Last weekend some 150 viewers flocked to Lewa't ‘Oza (For a time of need), the Doum storytelling event at the Rawabet Theatre. Written and performed by participants in the celebrated novelist Sahar Al-Mougy's Seshet creative writing workshop, part of the Doum Cultural Foundation programme, the show featured nine talents who owned the stage. Scenes from the heart of Upper Egypt interweaved with invented characters, a liberating haircut or a haunting tango: such images and motifs filled up the theatre as the tales unfolded. They reflected the cherished memories and joyful refrains in which the performers-writers take refuge in the time of need to which the title refers. This is the Seshet group's third storytelling performance. The first took place last Ramadan, unveiling one of the most remarkable phenomena to have emerged on the cultural scene in recent times. The group was originally made up of 50 writers, and many of these chose to perform their stories.
“Storytelling is an intriguing art for writers,” Al-Mougy, the director and trainer of Seshet, explained. “They feel the presence of an audience to whom they must deliver the story through other means. They must understand the text anew, and find ways to set free their capacity to express feelings.”
Al-Mougy went on to explain how storytelling gave her a new understanding of her own body “and its amazing ways of expressing itself” including the ability of the eyes to reflect feelings. That is to name but a few enjoyable and illuminating tools a storyteller has to use. “Transforming writers into storytellers is no easy task,” Al-Mougy said, “but it was certainly fun. The Seshat writers were very willing and open. This is why the experience has been fruitful. It is because of their enthusiasm for being trained in a different field, which eventually benefits them both as writers and as human beings. In storytelling, we also come to see what we have written in a different light and understand it and feel it with fresh eyes.”
Storytelling is perhaps the oldest art form. Over the centuries it has been eroded by a progress route increasingly at odds with the power and beauty of the unaided imagination.
In Egypt today, though still somewhat limited in its scope, the art is practised in a wide range of traditional and contemporary registers (from the Upper Egyptian bard Said Al-Dawi, who knows over a million verses of the Hilaliya epic by heart, to experimental and feminist forums). It has been popularised by El Warsha Theatre Company, whose founding director Hassan Al-Geretly was a major force in bolstering up and reviving the form. In the meantime the National Folklore Archive has documented and preserved folk tales from the four corners of Egypt. Efforts to instigate and sustain storytelling in Egypt have borne fruit. This year marks the second Doum National Storytelling Festival in Qena, an Upper Egyptian province where folk storytelling is deeply rooted. Run by the Doum Cultural Foundation, the festival featured over 10 independent storytelling troupes performing in coffee houses and on the streets, roaming around the villages to tell their stories. It also included storytelling from Nubia and the Siwa Oasis, voices rarely herd on the Egyptian cultural scene.

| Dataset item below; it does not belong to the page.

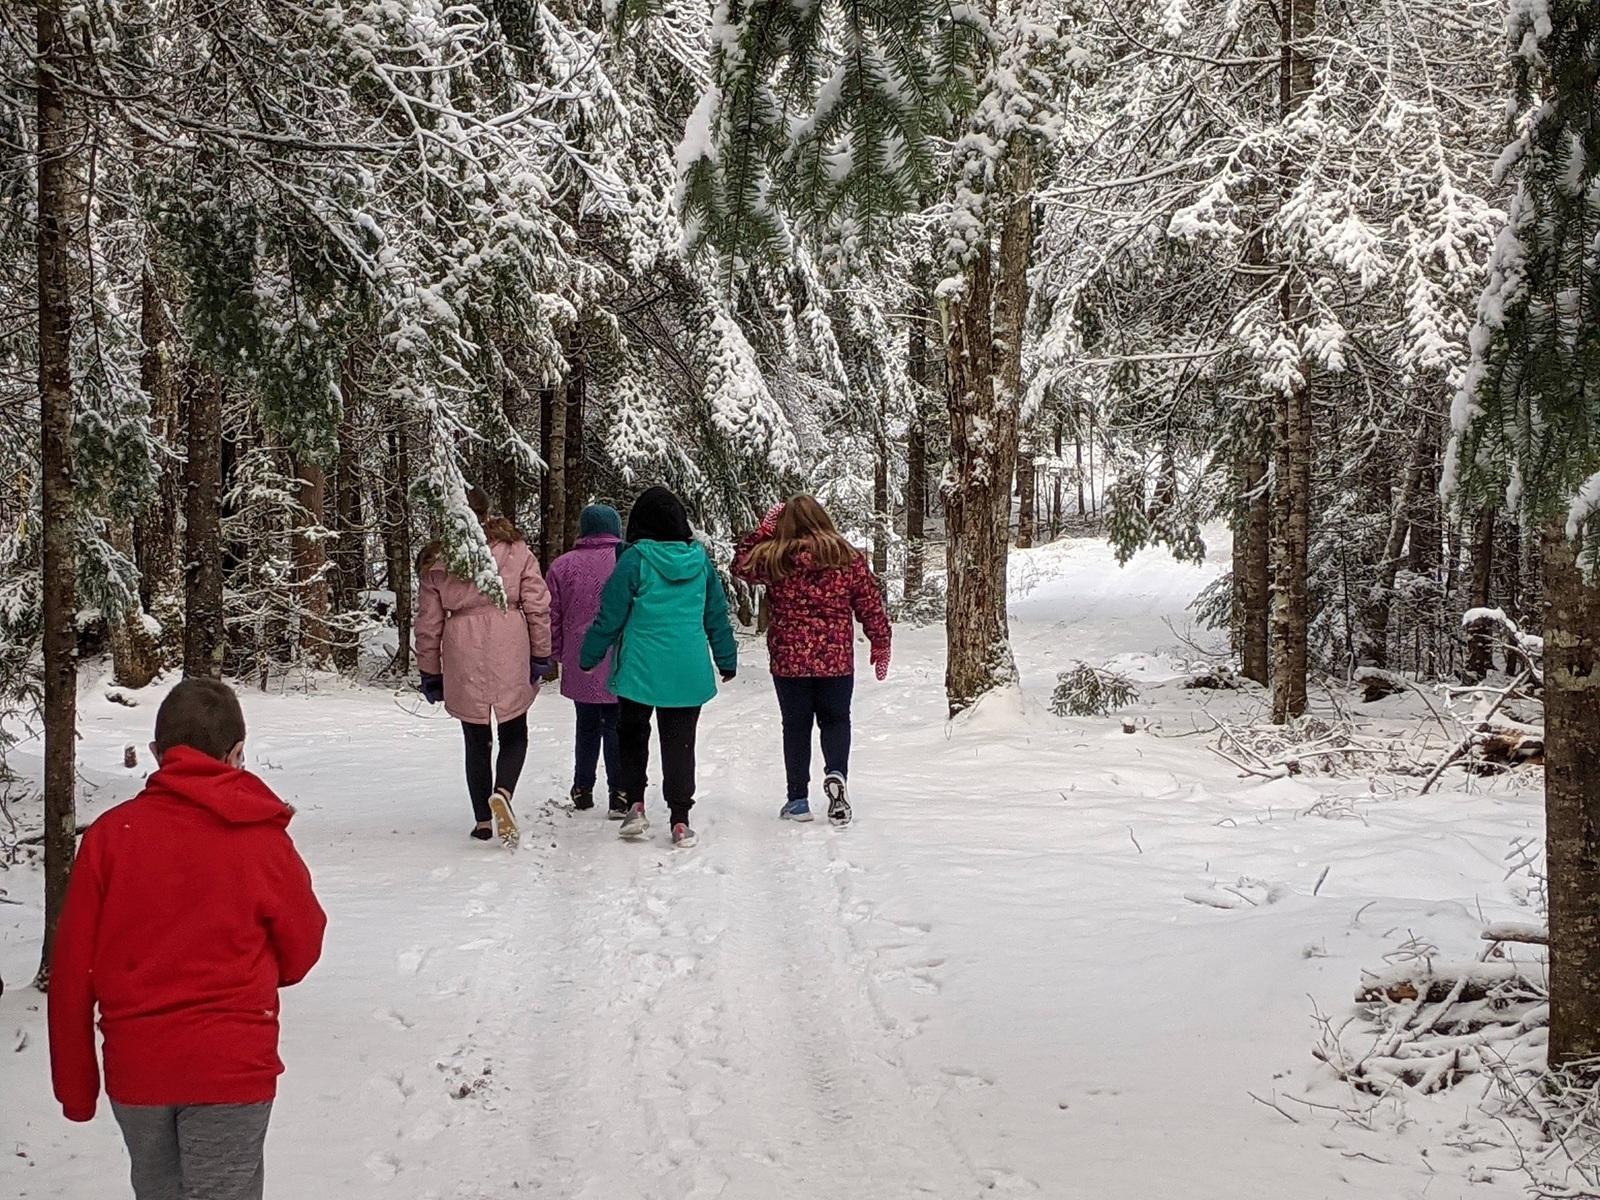 Week 1 5th Grade Rose M Gaffney School Winter Games 2021 Moment of the Week

But none of this is particularly surprising. As novelist and founding member of Doum Khaled Al-Khamisy explained, “The social-cultural movements in egypt over the last ten years reflected the people's immense need to express themselves whether through writing, storytelling or simply standing on a stage and sharing their life's experiences – open-mic events, and the like.”

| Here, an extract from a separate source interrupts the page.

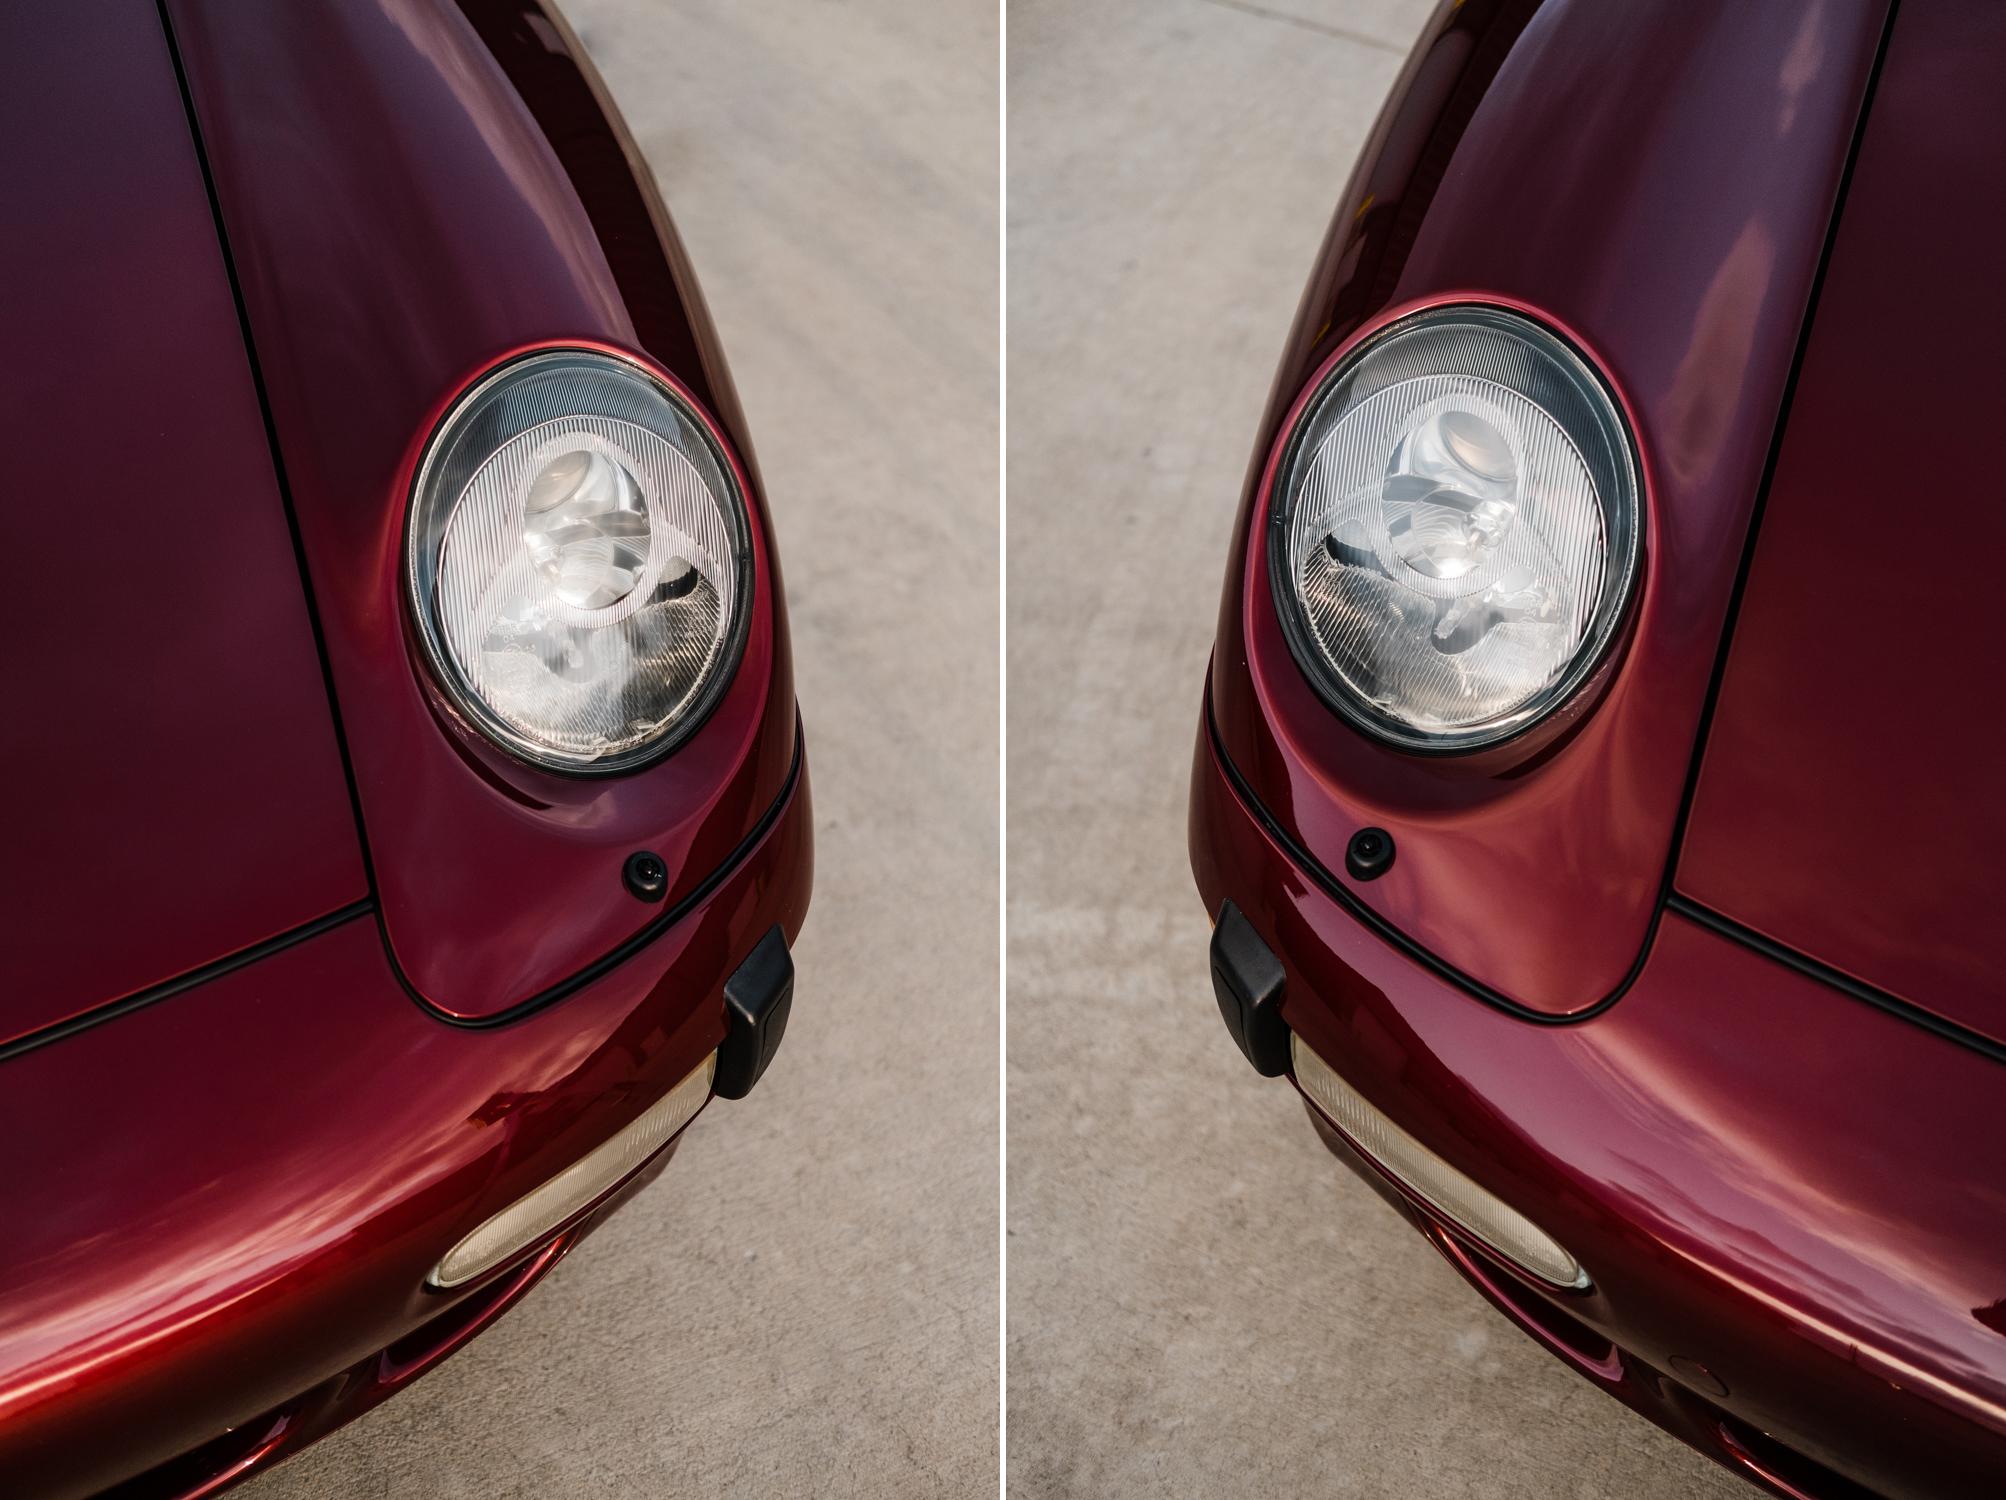 Porsche 911 Carrera 4S-Porsche 993-Porsche 911-Paint Correction-Car Wash-Car Detailing-210.jpg

Al-Khamisy added that this was partly what drove him to concentrate on reviving storytelling, with the Doum Cultural Foundation aiming for “a democratisation of knowledge, passing knowledge to the greatest number of people possible”. A simple and direct but also deep form, storytelling reflects Doum's philosophy of accessible knowledge. For Al-Khamisy, storytelling is also a raw form of art, however, superseded by more complex and beautiful art forms, but it remains one of humanity's primordial urges. That urge, Al-Khamisy insists, should be abandoned to its fate as folk heritage but should be saved and nurtured so that it can live and grow.